▸ The task:
In the records below, begin at the line that has "Zorin OS 17" and stop after the line that has "wieners golf tournament sticker - bean goods"; quote those lines verbatim and nothing more.

▸ Data under study:
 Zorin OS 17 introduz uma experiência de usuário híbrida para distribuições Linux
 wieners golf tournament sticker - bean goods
==
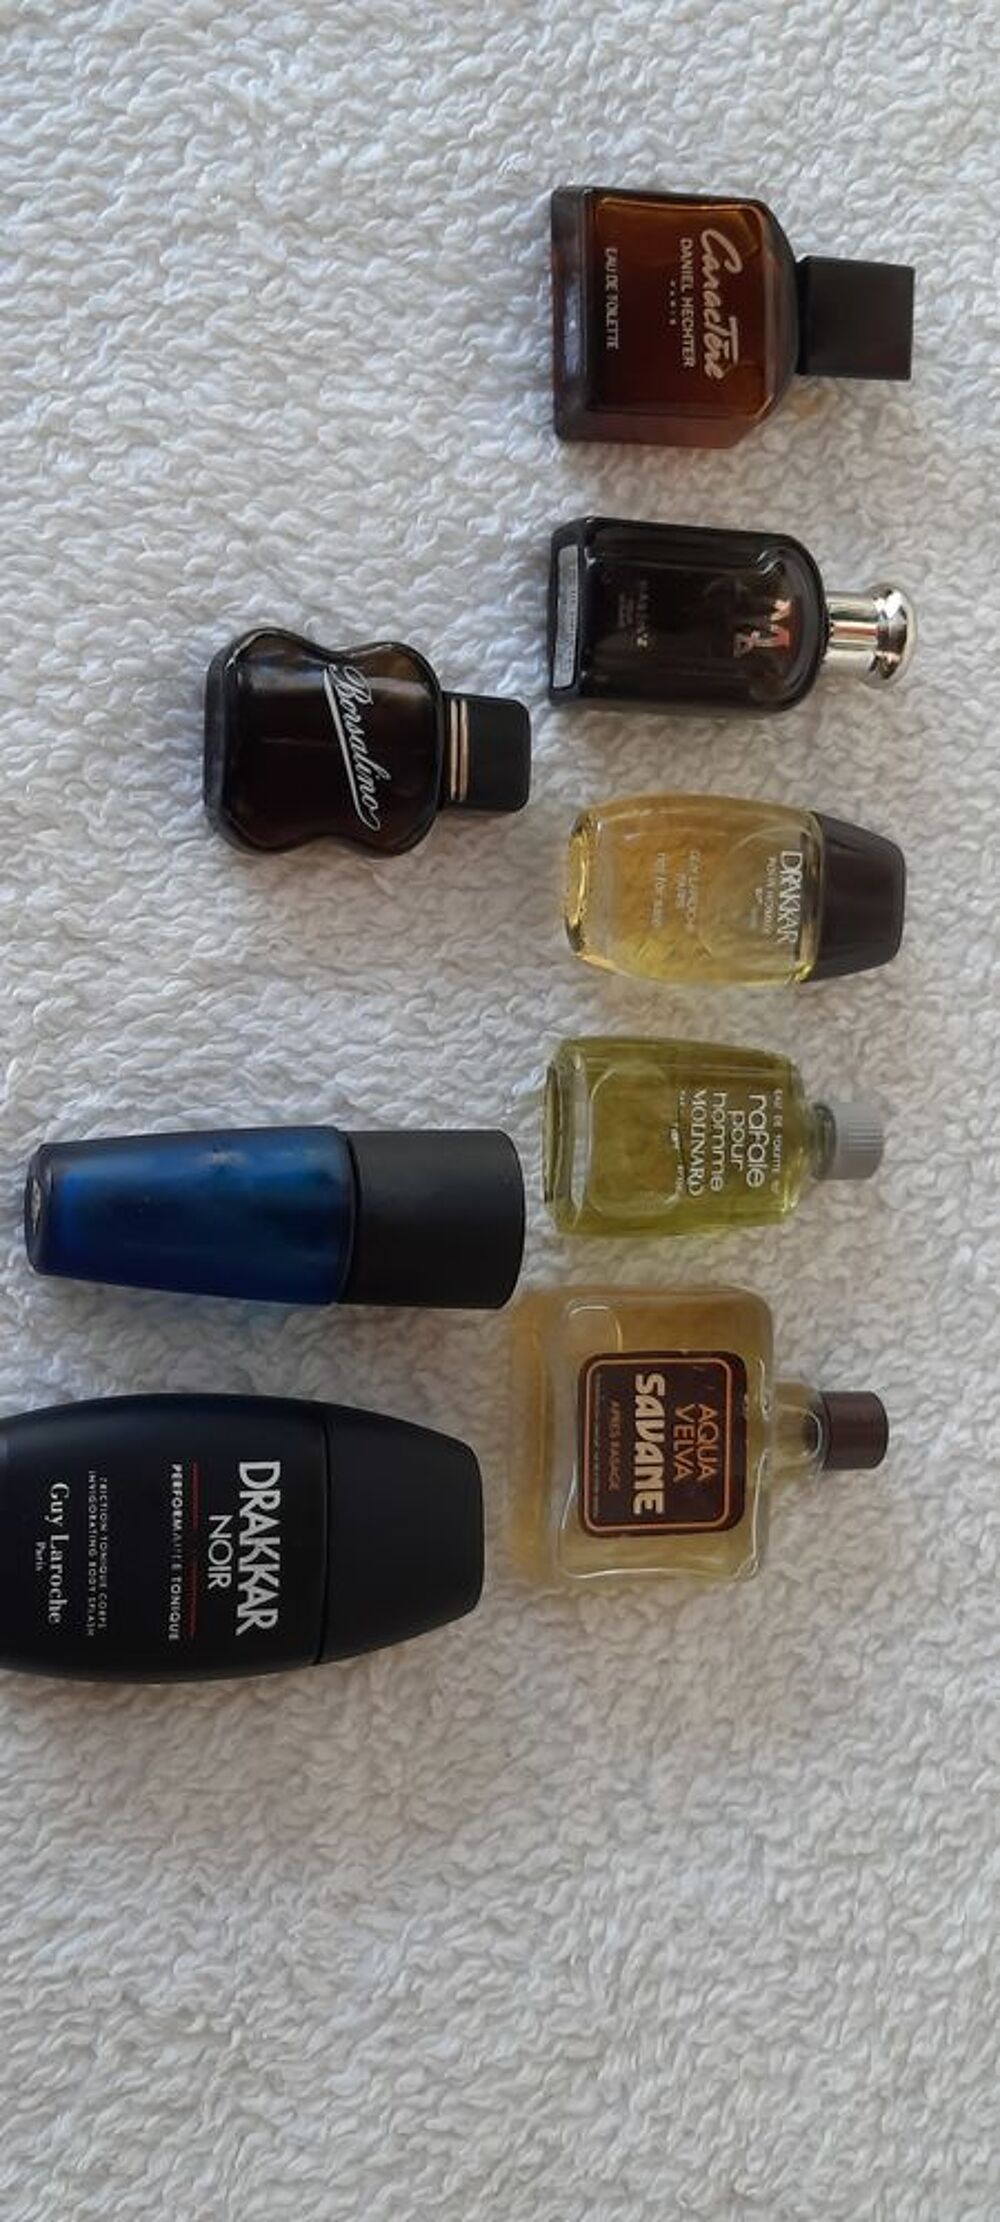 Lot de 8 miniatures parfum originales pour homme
---
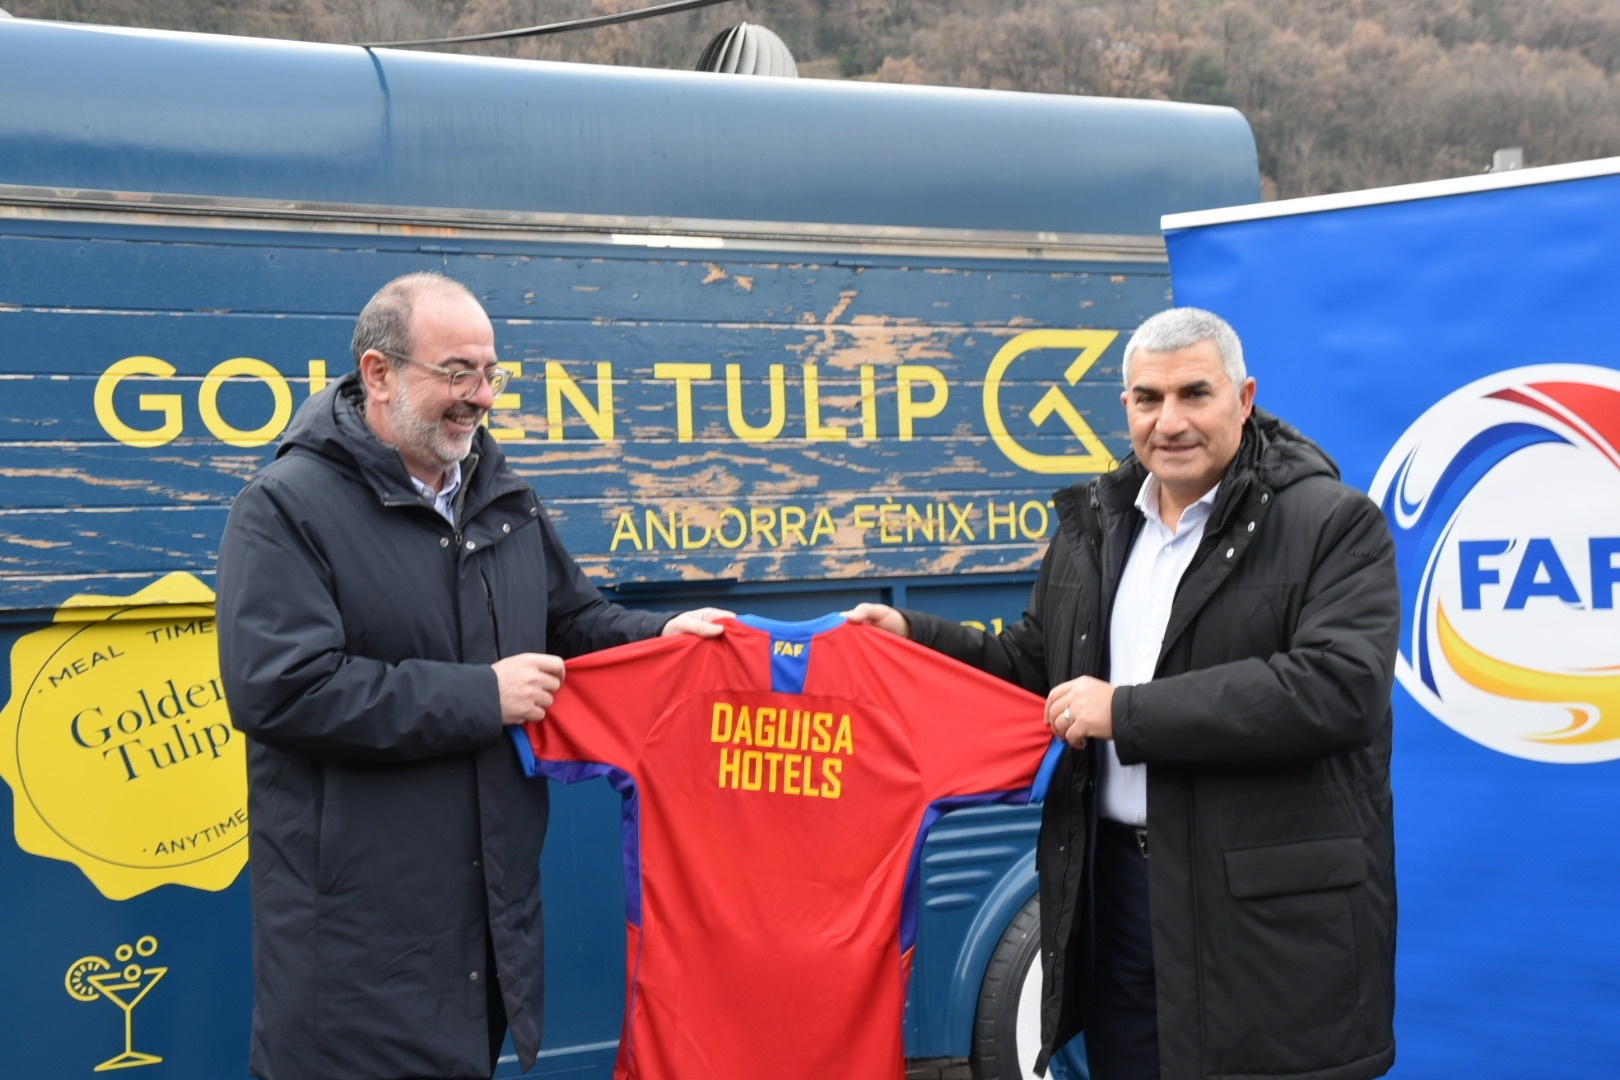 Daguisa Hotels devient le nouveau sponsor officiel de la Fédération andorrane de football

▸ Task output:
 Zorin OS 17 introduz uma experiência de usuário híbrida para distribuições Linux
 wieners golf tournament sticker - bean goods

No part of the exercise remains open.